QUESTION: Thank you very much. My name is Nina Schwalbe, and I work in the field of public health, and I have another question on Ebola. So this is an epidemic that is ravaging, as you know, in the three countries. And with every case we identify, we know that there's somewhere between 10 and 100 people that that person has had contact with.

So in addition to the work that you're doing on airport screening and kind of who's coming in, tell us about your thinking about the role of your department in actually working in those high-burden countries or in those ravaging epidemics to try and stem the flow.

JOHNSON: My department itself should be focused on the homeland. We have a health affairs capability in the Department of Homeland Security. Obviously, there's CDC, Centers for Disease Control, which I know is heavily engaged in this situation. HHS in general, I know, is very engaged in this. And I -- collaboratively together, we've got a job to do.
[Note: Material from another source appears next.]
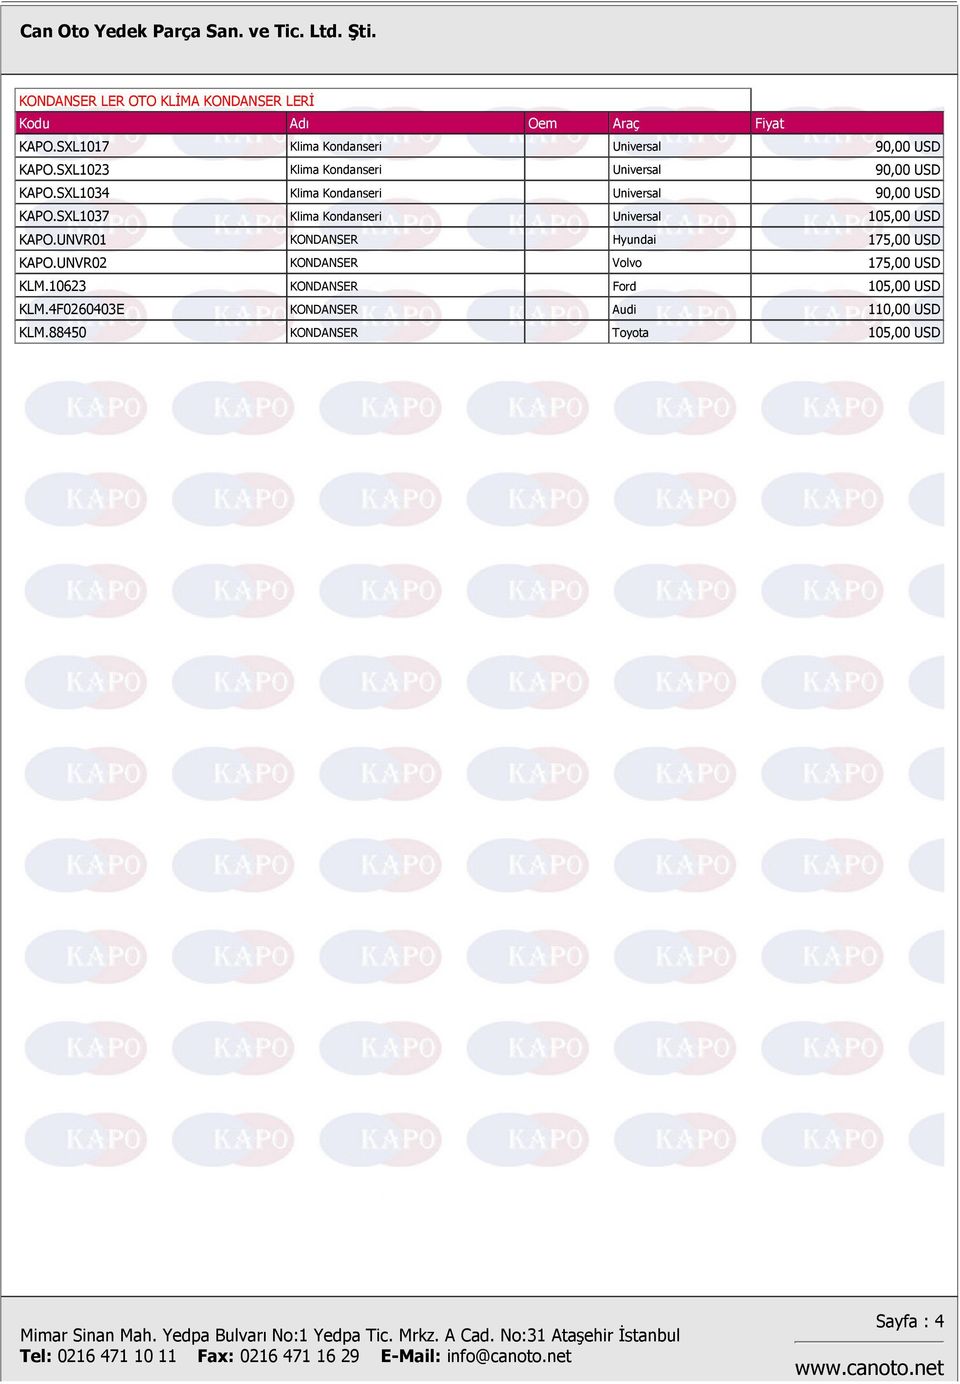 SXL1037 Klima Kondanseri Universal 105,00 USD KAPO.UNVR01 KONDANSER Hyundai 175,00 USD KAPO.

And there are a number of U.S. government personnel on the continent right now addressing this. And as I mentioned a moment ago, I think we need to continually evaluate the need for screening at last point of departure at airports before people leave the countries.

Apart from Johnson’s surreal connection to Liberia via his grandfather’s League of Nations trip in 1930 to look into its forced labor practices, his cognitively dissonant adulation of Carmichael and Hamilton may reveal the Secretary’s real motive in refusing to restrict travel from West Africa.

In short, Johnson is an advocate of ‘black power’ politics. Unfortunately he’s not the only one. Michelle Obama based her 1985 Princeton thesis on Carmichael and Hamilton’s book which preached the rejection of assimilation, white middle-class values, nonviolence, and coalition building.

Carmichael came up with the catchy ‘black power’ rallying cry to mean just that -- the acquisition of power by blacks. Inspired by Marxism and egged on by the Communist Party USA, militant activists like Carmichael sought to uproot what they perceived to be a racist-based, exploitative, capitalist system.

If our Homeland Secretary was not on board with the black power movement, why would he bring up Carmichael and Hamilton’s book in September, 2014 -- 48 years after Carmichael coined the term and a week before a sick Liberian was allowed into the country?

Why would leftist media like the Guardian be pushing Ebola as America’s fear of “African-ness” and “blackness?”

While Americans scratch their heads in disbelief over this administration’s seeming ineptitude over Ebola, the long-dead communist Carmichael’s dream of sticking it to ‘whitey’ via the White House and its apparatchiks is coming true.